Paleotethys Ocean

Zechstein

The Zechstein (German either from mine stone or tough stone) is a unit of sedimentary rock layers of Middle to Late Permian (Guadalupian to Lopingian) age located in the European Permian Basin which stretches from the east coast of England to northern Poland. The name Zechstein was formerly also used as a unit of time in the geologic timescale, but nowadays it is only used for the corresponding sedimentary deposits in Europe.

The Zechstein lies on top of the Rotliegend; on top of the Zechstein is the Buntsandstein or Bunter.

Formation

The evaporite rocks of the Zechstein formation were laid down by the Zechstein Sea, an epicontinental or epeiric sea that existed in the Guadalupian and Lopingian epochs of the Permian period. The Zechstein Sea occupied the region of what is now the North Sea, plus lowland areas of Britain and the north European plain through Germany and Poland. At times the Zechstein Sea may have connected with the Paleotethys Ocean through southeastern Poland; the point is disputed by researchers.

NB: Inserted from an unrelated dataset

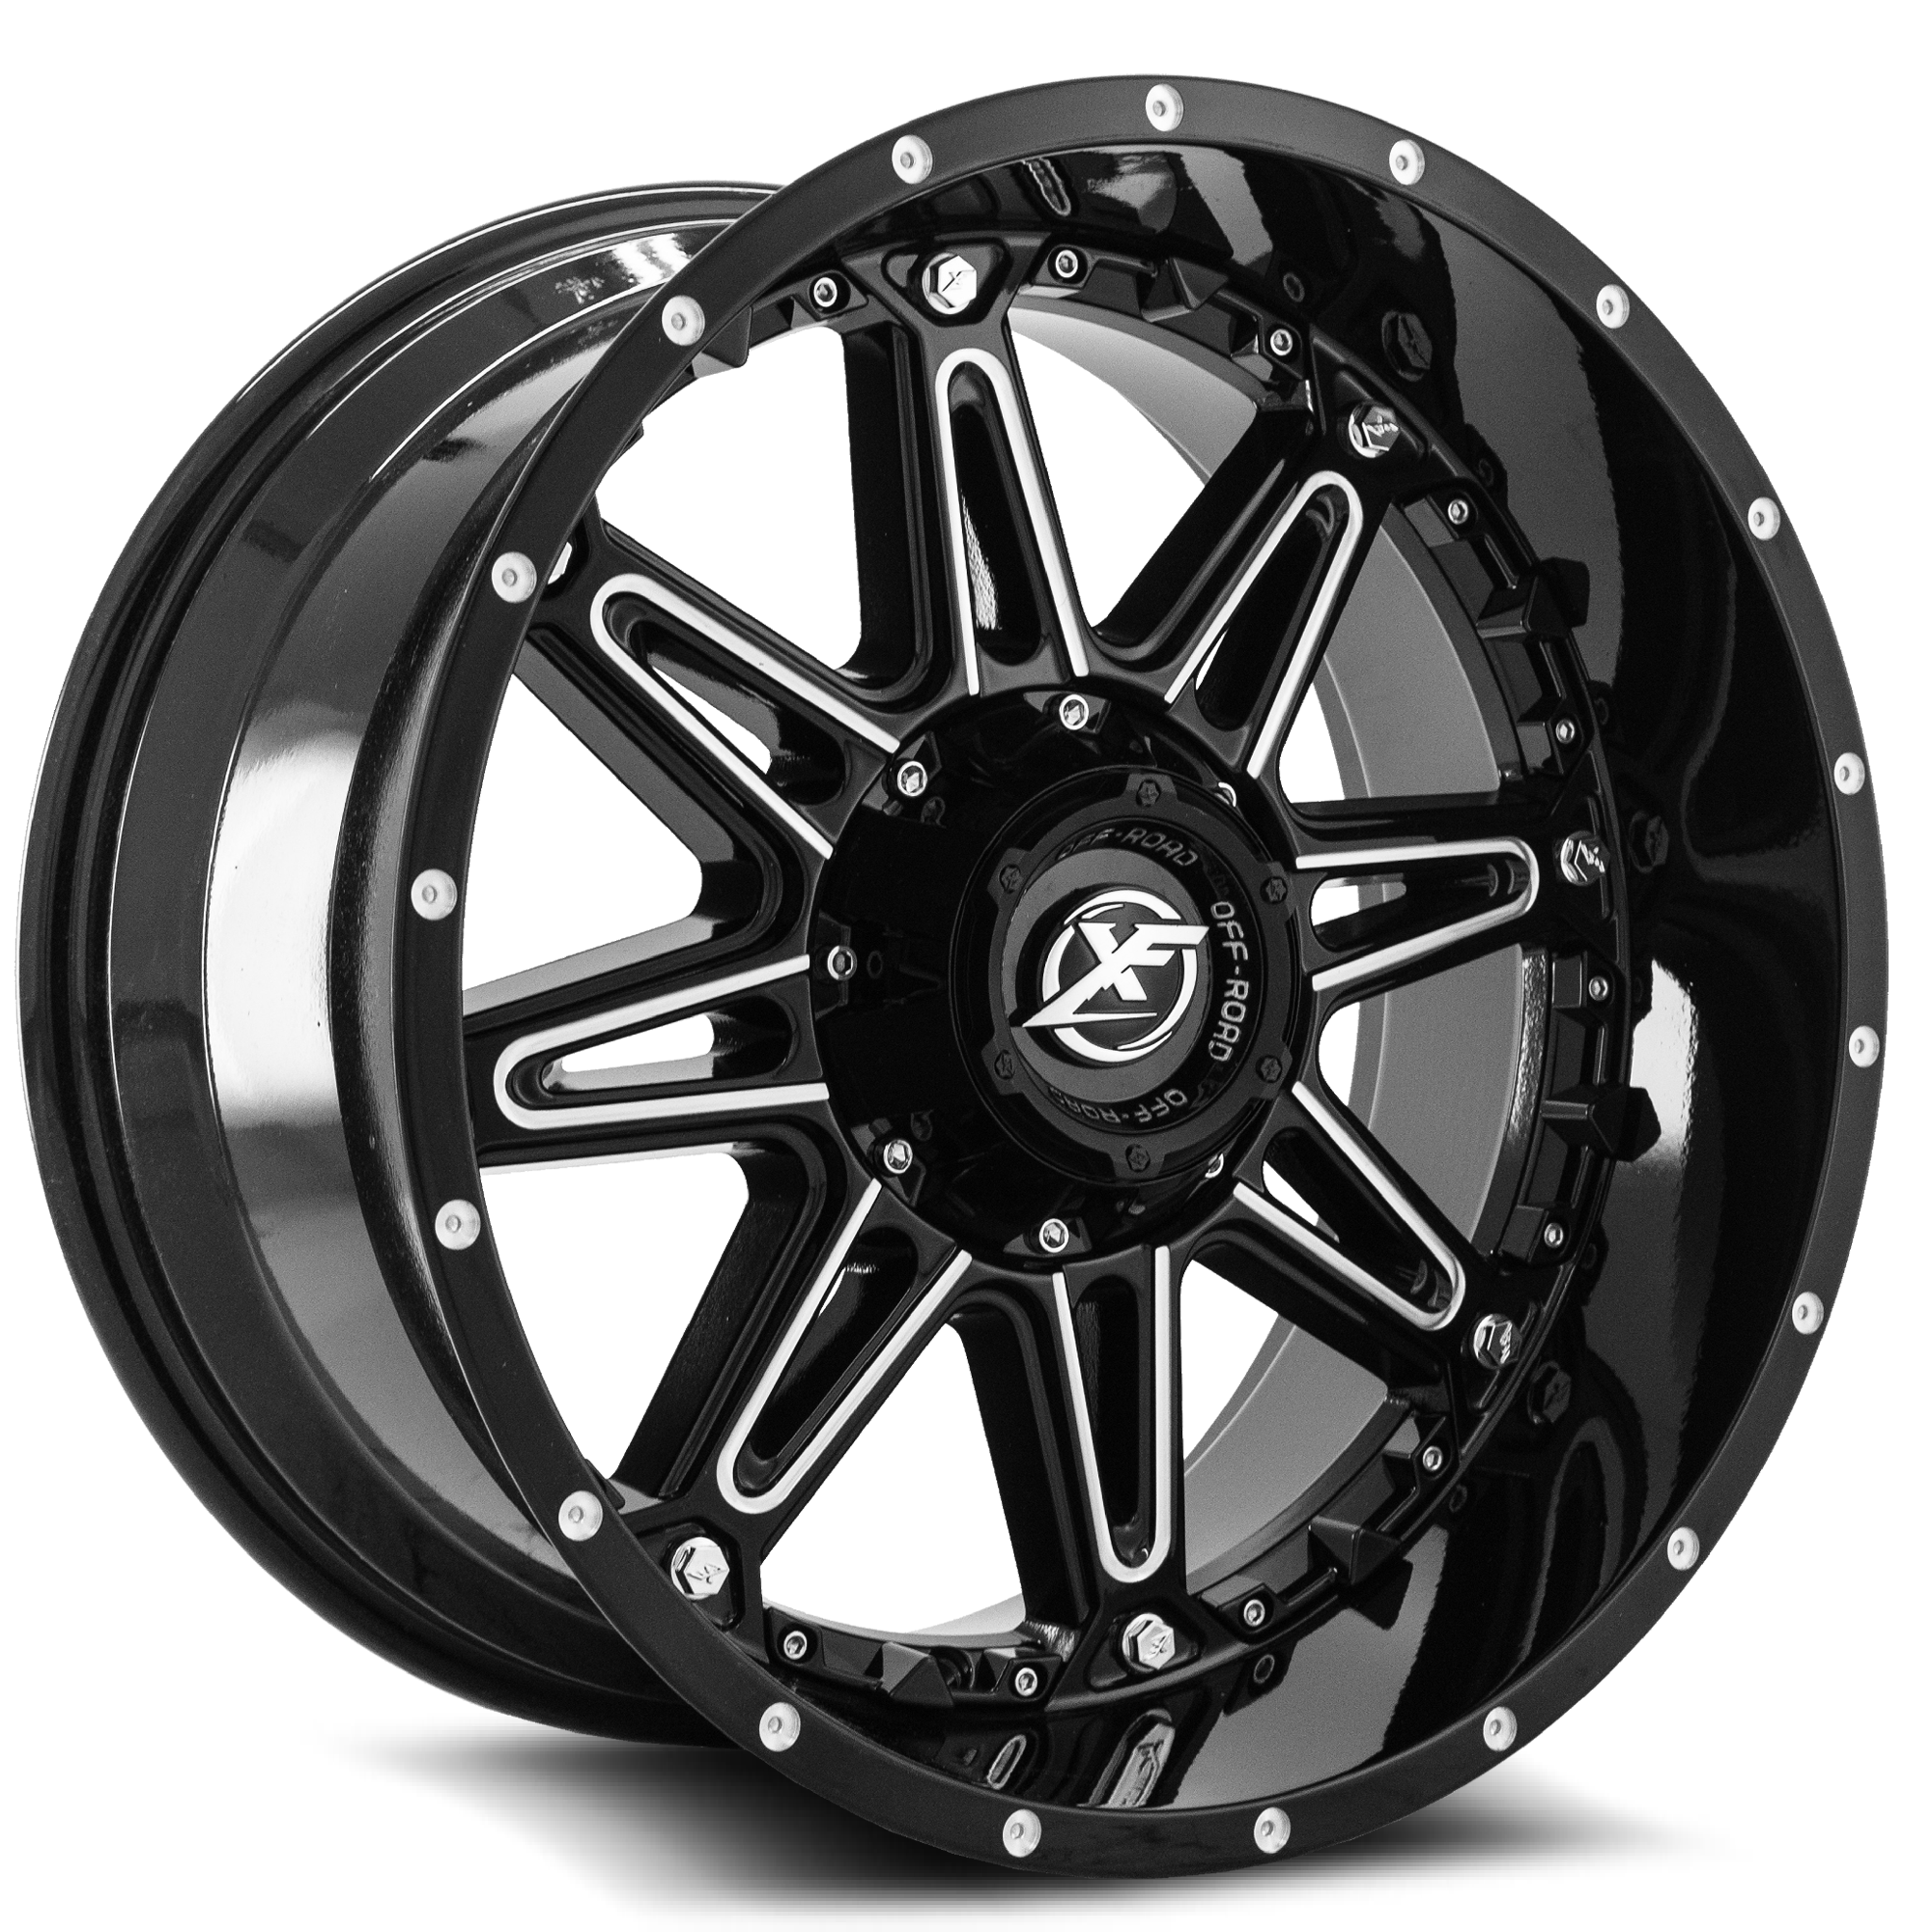 Xf Off Road Wheels

Though located, in its own era, near the Earth's equator (where high temperatures and arid conditions facilitated evaporation), the sea's inception likely stemmed from a marine transgression rooted in a phase of de-glaciation; the southern portion of Pangaea, the former (and future) Gondwanaland, supported ice sheets in the early Permian. The eventual disappearance of the Zechstein Sea was part of a general marine regression that preceded and accompanied the Permian-Triassic extinction.

Stratigraphy

The Zechstein is usually given the status of a lithostratigraphic group and as such encompasses a number of geologic formations.

The Zechstein consists of at least five depostional cycles of evaporite rocks, which are labelled Z1 to Z5 respectively. The lithologies found are halite ("rock salt"), anhydrite, dolostone and shale.

Economic importance

The Zechstein has significant economic importance in the North Sea Oil province. In the southern gas basin it forms the main cap rock to the gas fields with Rotliegend reservoirs. It also forms a reservoir in the Auk oilfield in the central part of the North Sea. Further north the Zechstein salt becomes diapiric, forming salt domes which form the structure for several oil fields, such as Machar. Zechstein dolomites outcrop near the coast of County Durham, England where they are known as the Magnesian Limestone.